The headline of this chapter — ~100 GW of interconnection headroom available at ~0.5% curtailment — is genuinely transformative, but it carries three caveats that separate the thesis from a guaranteed outcome. First, the headroom is locational: the Duke study's 98 GW is concentrated in specific balancing authorities (PJM ~18 GW, MISO ~15 GW, ERCOT/SPP ~10 GW each), and a campus sited in a pocket with no local headroom gets none of it regardless of how flexible it is willing to be. Flexibility unlocks headroom only where headroom exists. Second, the result assumes the curtailment is actually deliverable — that the load can be turned down on the notice the system needs, to the depth it needs, for the duration it needs. A facility that promised 0.5% curtailability but whose workload mix is 90% SLA-bound real-time inference cannot deliver, and a non-deliverable commitment is worse than none. Third, the headroom is a shared, depleting resource: as more loads claim it, the easy curtailment-enabled headroom fills, the curtailment rate required to fit the next load rises, and the early movers capture a one-time advantage the late movers cannot.

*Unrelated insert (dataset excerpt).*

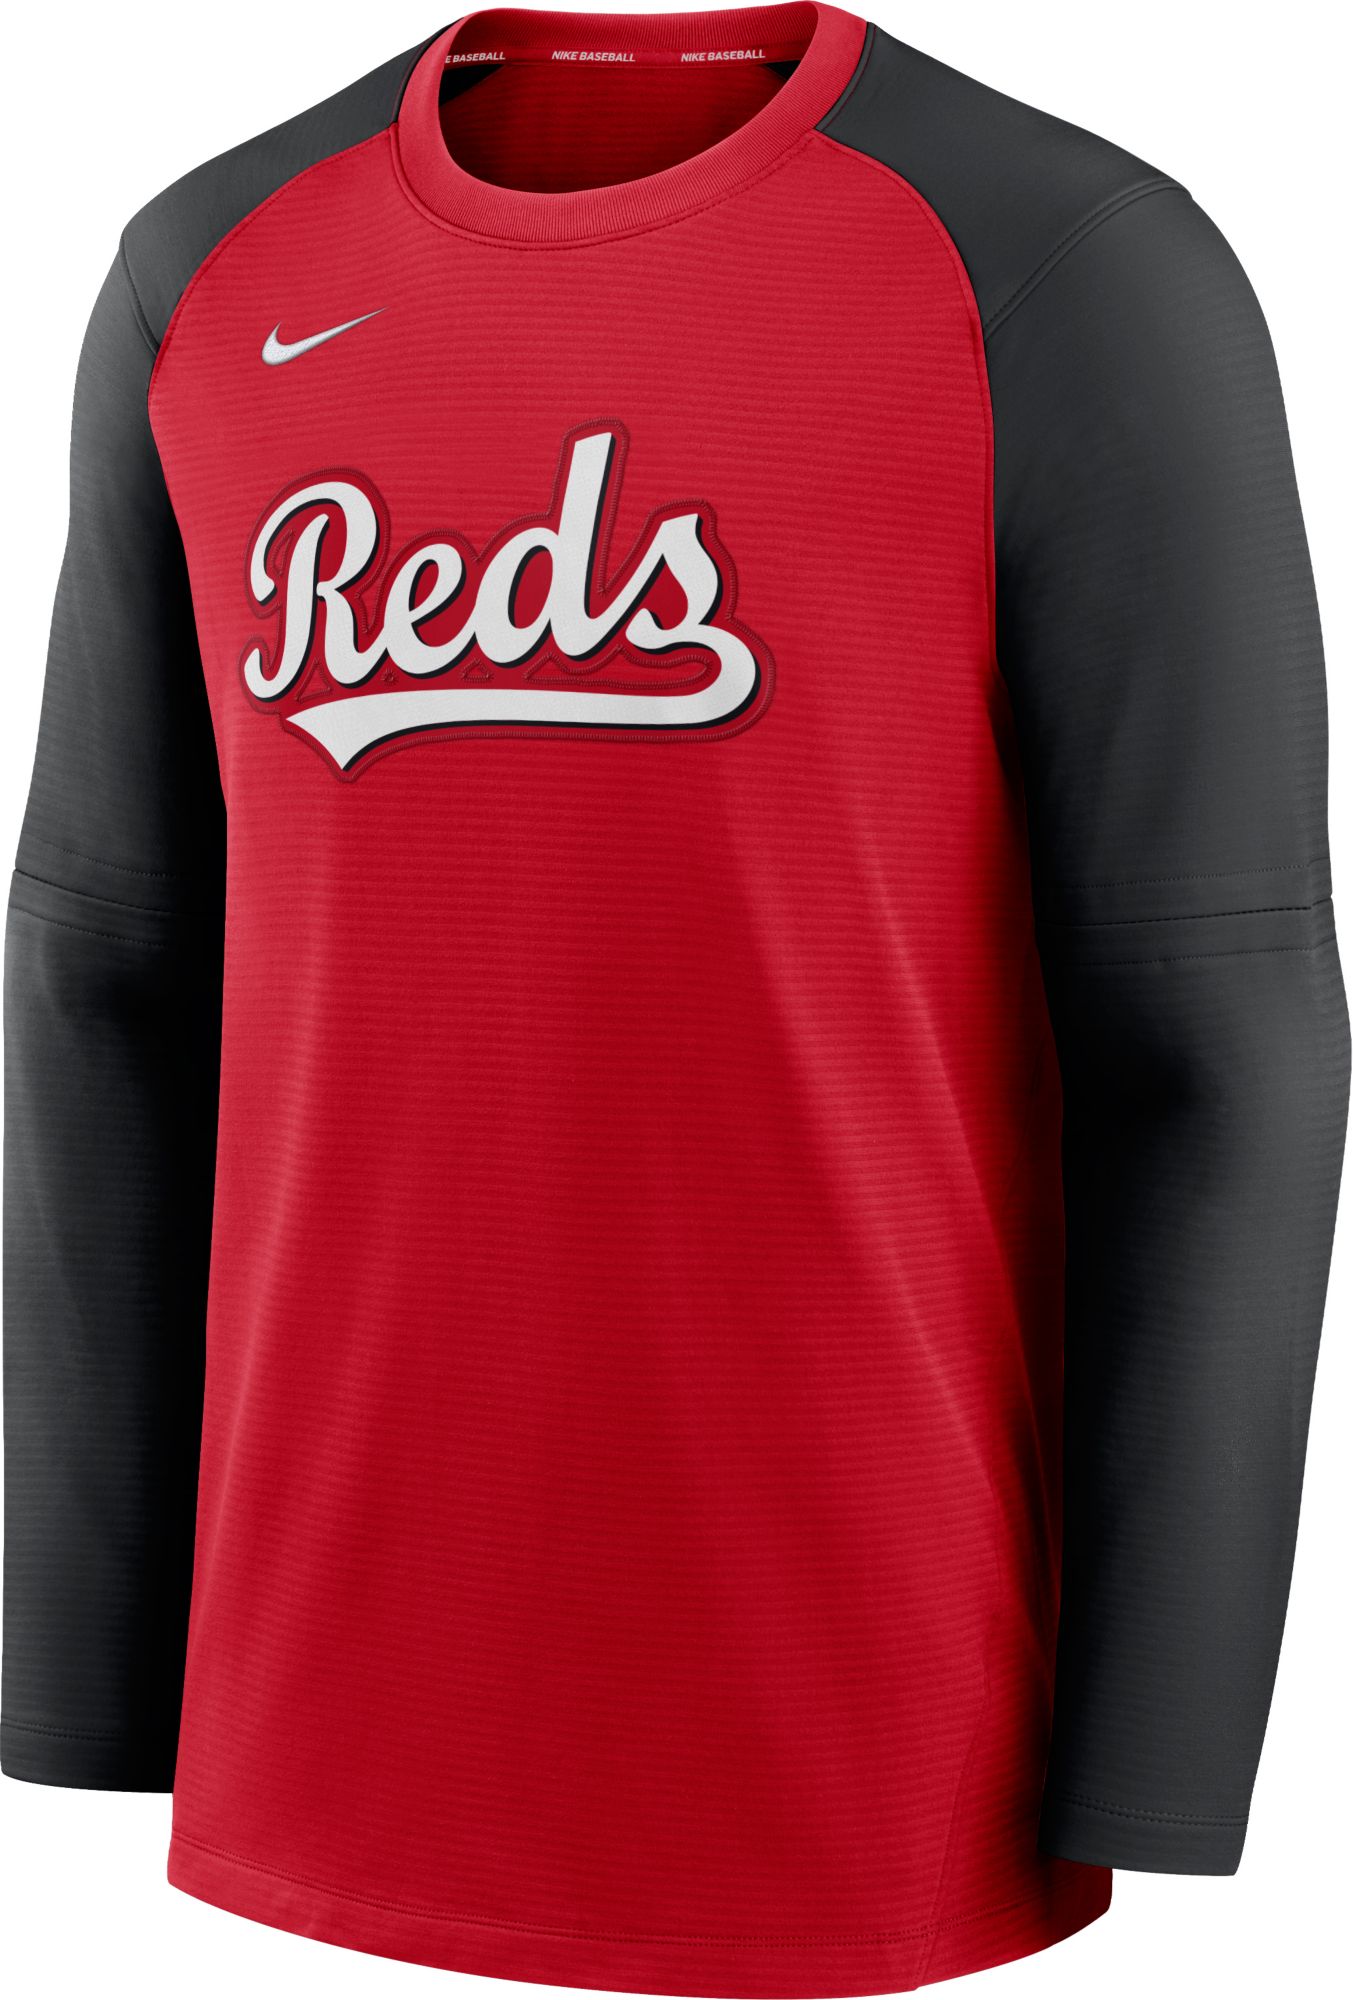 Genuine Merchandise Cincinnati Reds Jersey

The engineering implication is that the flexibility thesis rewards operators who do three things at scoping time: (1) site into headroom, treating curtailment-enabled headroom as a first-class siting criterion alongside cost and latency; (2) design a workload mix with genuine deferrable slack — enough batch, training, and internal compute that a few dozen curtailment-hours a year cost goodput rather than SLA breaches; and (3) move early, because the headroom is a window that the build-out is racing to close. The grid-interactive engineering that makes a curtailment commitment physically deliverable — ramp rates, ride-through, telemetry to the system operator — is the subject of Chapter 4.10; the financing-downside framing of betting a project on curtailment terms that may tighten is in Chapter 1.8 and Chapter 3.2.

This chapter is the canonical home for flexibility, but it is one node in a web. The interconnection queue and speed-to-power mechanics it accelerates are in Chapter 3.2; the reordered siting hierarchy that should now weight curtailment-enabled headroom is in Chapter 3.1. The physical engineering that makes a flexibility commitment deliverable — ride-through, frequency response, reactive/voltage support toward the POI — is in Chapter 4.10, with the UPS/BESS that backs it in Chapter 4.5 and the LV distribution in Chapter 4.6. The goodput-vs-availability lens that prices a curtailment-hour is in Chapter 12.2; power-aware orchestration that executes the shift lever is in Chapter 16.3. The carbon and 24/7-CFE consequences of the powering strategy are in Chapter 15.3, the disclosure obligations in Chapter 15.7, and the macro power-bound narrative this all serves in Chapter 16.1. The financing downside of underwriting a project on flexibility terms is in Chapter 1.8.